The year was 1995 and I, 10 years old, had just got my first whitehead pimple. Even though there was no real internet, I already knew the difference between whitehead, blackhead and cyst pimples, because I was a tween and ‘pimples’ were covered by our available pop culture as if they were the greatest villains a teenage girl could know.

And you know what? They were.

The latest ‘oh no, who will think of the children?’ panic phase sweeping the internet is that girls as young as 10 are becoming obsessed with skincare and I have to tell you, this isn’t new. What IS new is the fact that these teens and tweens have all the information in the world at their fingertips, a luxury that my generation did not have.

This is where I found out about skincare:

  1. A physical print newspaper
  2. Terrifying Clean & Clear television ads
  3. Whatever my mum was using
  4. The giant ‘A Woman’s Guide To Health And Beauty’ book I asked for when I was 11 that I treated like an actual Bible

I would add ‘whatever my friends were using’ but the Clean & Clear/Clearasil industrial complex had such a chokehold on me and my peers, there was no difference to note. You were either using the Clean & Clear Three-Step Essentials (just Googled, the packaging has not changed a jot) or the Clearasil cleanser. You know the one.

Once you got older and if you were lucky like I was, and your tween pimples turned into full-blown teenage acne, you might get to know the Clean & Clear Deep Pore Cleanser. Or you might bring in the big guns of the T-Gel Neutrogena cleanser, which had the texture, smell and results of a product that treated your face like it was a crime scene that needed to be quickly decontaminated.

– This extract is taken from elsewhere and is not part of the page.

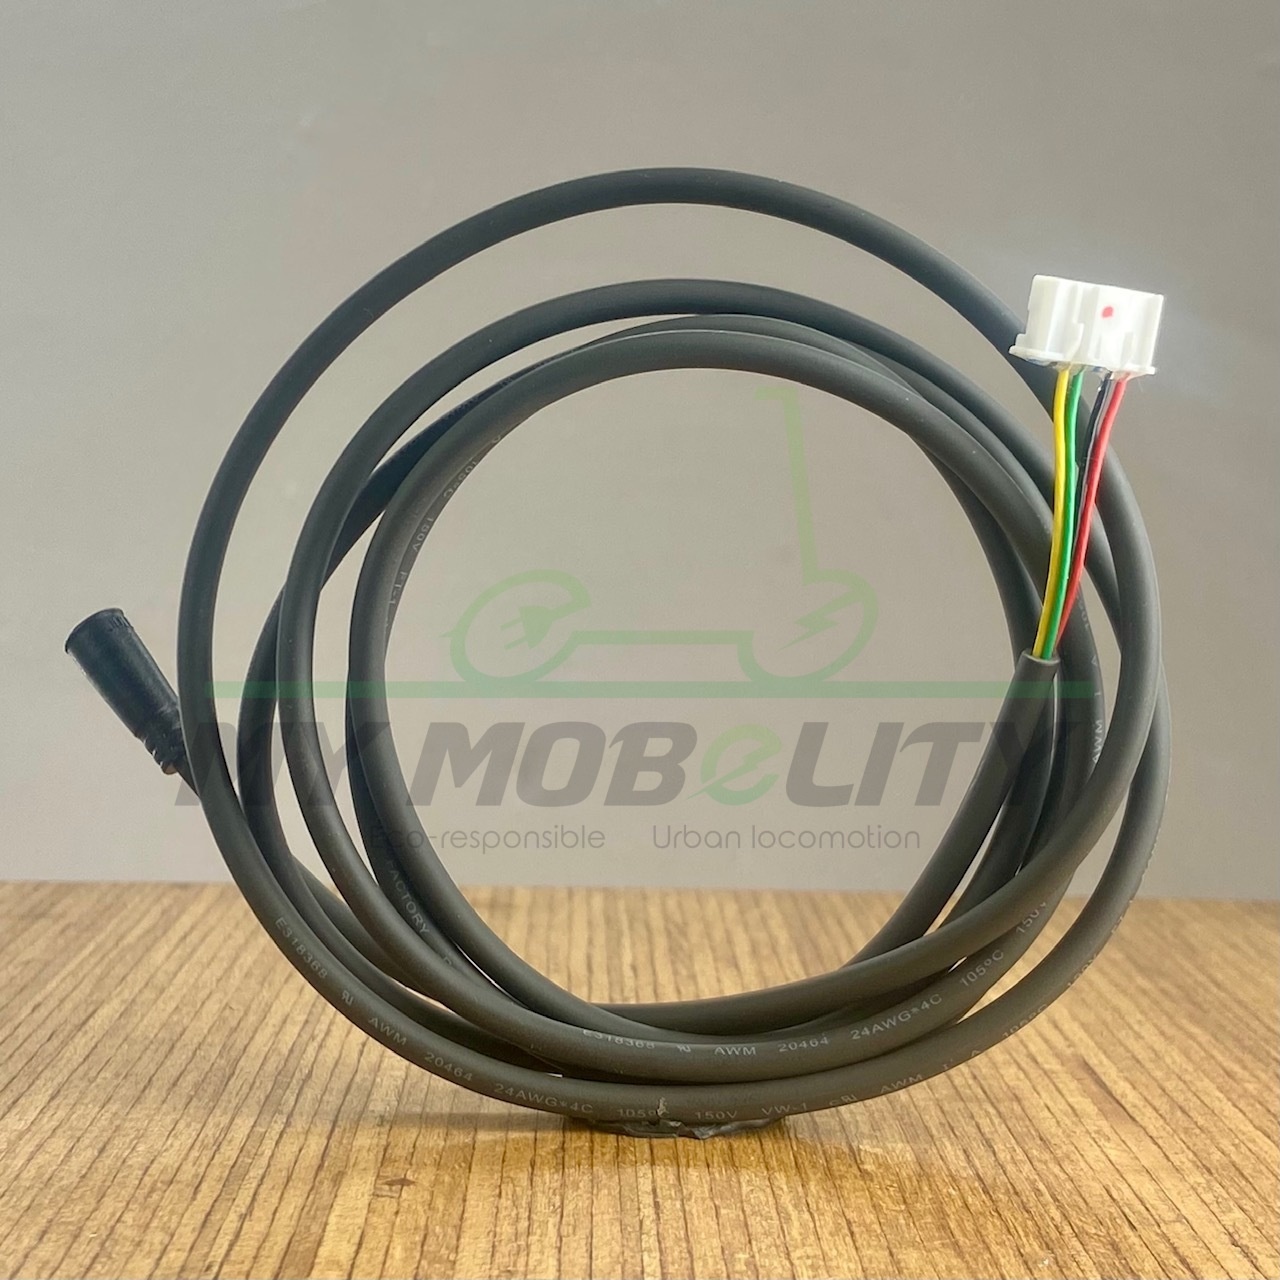 Câble d'alimentation / câble de Ninebot Max G30 (prise EU)

You want to talk to me about how it’s bad 12-year-olds know about RETINOL? At least they’re better off than the 12-year-olds of my generation, who would go straight to the St Ives Apricot Scrub and attempt to physically remove their pores on a twice-daily basis.

Forbidden fruit.

Full disclosure: I actually re-bought that St Ives Apricot Scrub when I was in my early 30s, for nostalgia, and damned if it wasn’t still incredibly satisfying to use. The smell! The texture! It really is the forbidden fruit of skincare.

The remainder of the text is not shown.